2. "flashcards": A list of at least 5 key terms and concise definitions
extracted from the video.
The goal of the app is to enhance understanding through simple and playful
design. A junior web developer should be able to implement it in a single
HTML file (with all styles and scripts inline). The spec must clearly outline
the core mechanics, and those mechanics must be highly effective in reinforcing
the video's key ideas.
Stage 2 — Software Architect (Gemini 1.5 Pro)
The second model receives the spec and generates a pristine, single-file HTML/CSS/JS application — no frameworks, no external dependencies — ready to run inside a sandboxed iframe.
Key prompt controls exposed to the user:
- Temperature — Controls AI creativity (0.0 → 1.0)

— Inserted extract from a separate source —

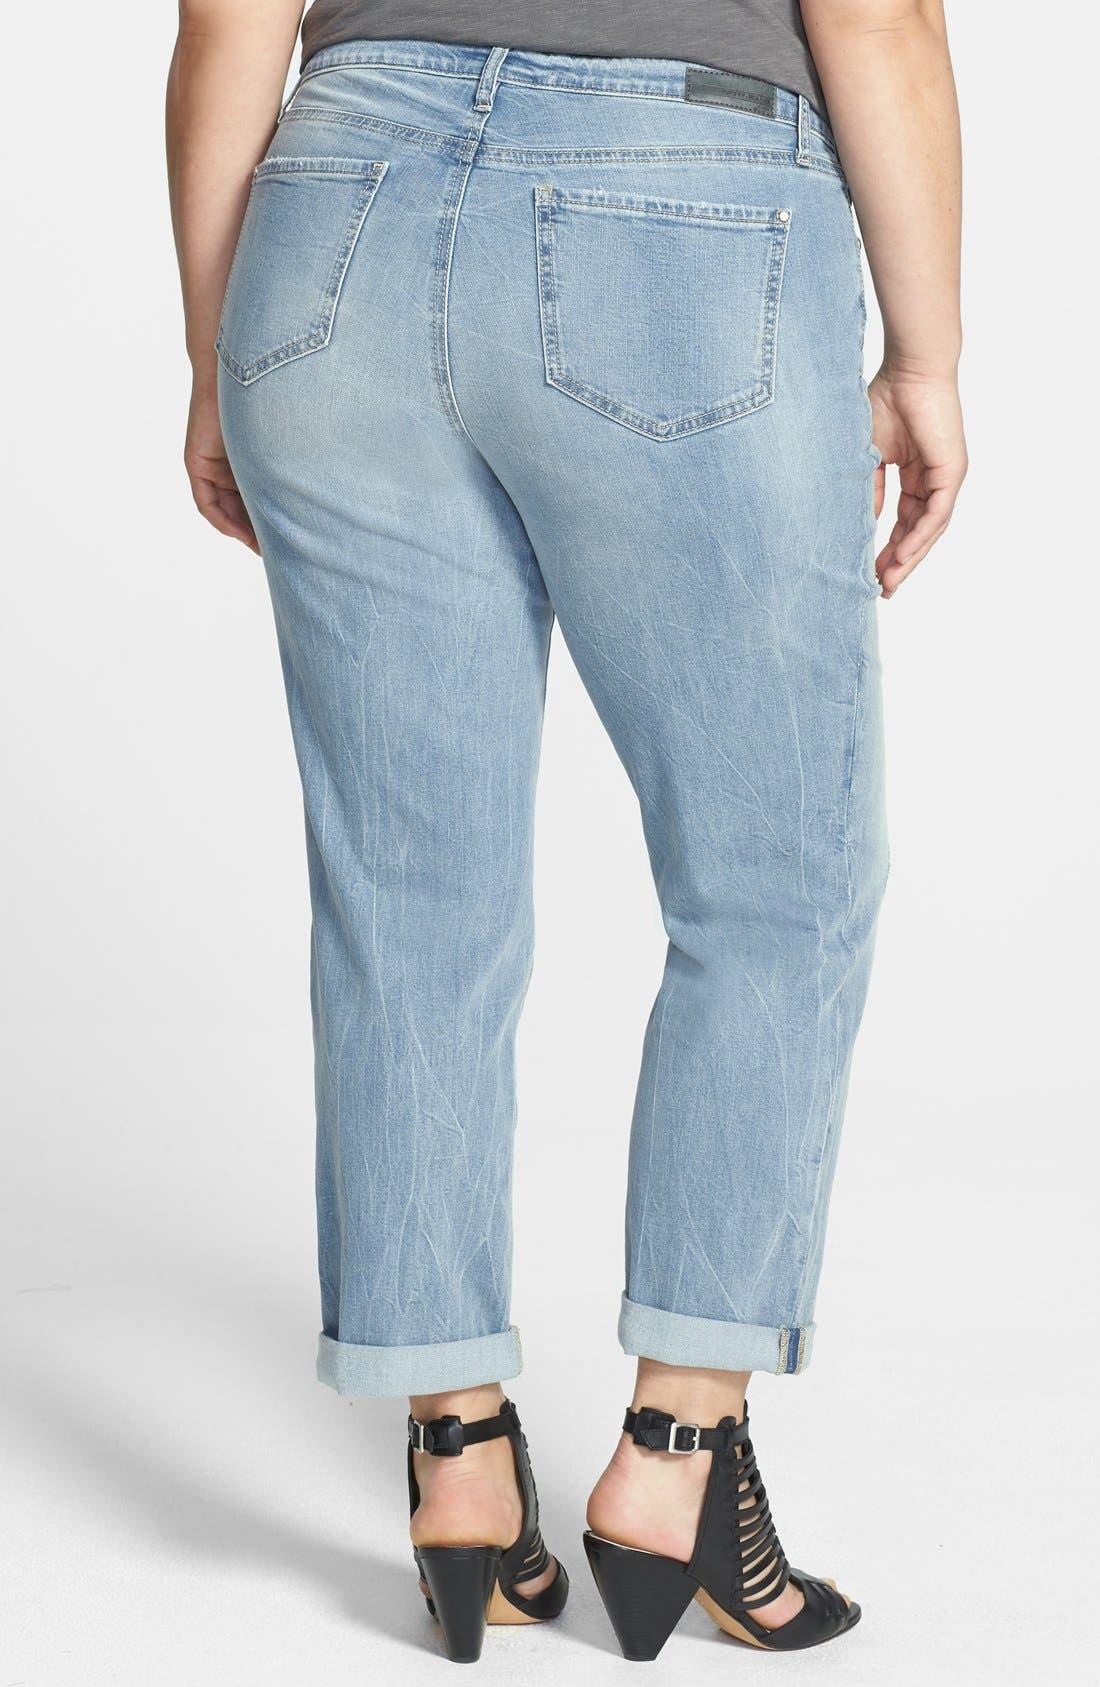 DKNY,                             'Bleecker' Boyfriend Jeans,                             Alternate thumbnail 2, color,                             400

- Academic Intensity — Concise, Balanced, or Detailed lesson depth
- Model Selection — Swap between Flash and Pro at each stage
The Tech Stack
| Layer | Technology |
|---|---|
| Frontend | React 18 + Vite (SPA) |
| Styling | Tailwind CSS + motion animations |
| Code Editor | Monaco Editor (same engine as VS Code) |
| Charts | Recharts |
| Icons | Lucide React |
| AI |
@google/genai TypeScript SDK |
| Backend | Node.js + Express 5 |
| Runtime |
tsx (direct TypeScript execution) |
The Gemini API key lives exclusively on the server — never exposed to the client bundle.
The Workspace
Once a learning app is generated, users get a three-tab workspace:
🖥️ Render Tab
A live sandboxed <iframe> running the generated app — fully interactive, no page reload required.
📝 Source Tab
A full Monaco Editor showing (and letting you edit) the raw generated HTML/JS/CSS. Any saved changes hot-reload the preview instantly.
📋 Spec Tab
Inspect or edit the curriculum blueprint produced by the Semantic Analyst — great for prompting a regeneration with tweaks.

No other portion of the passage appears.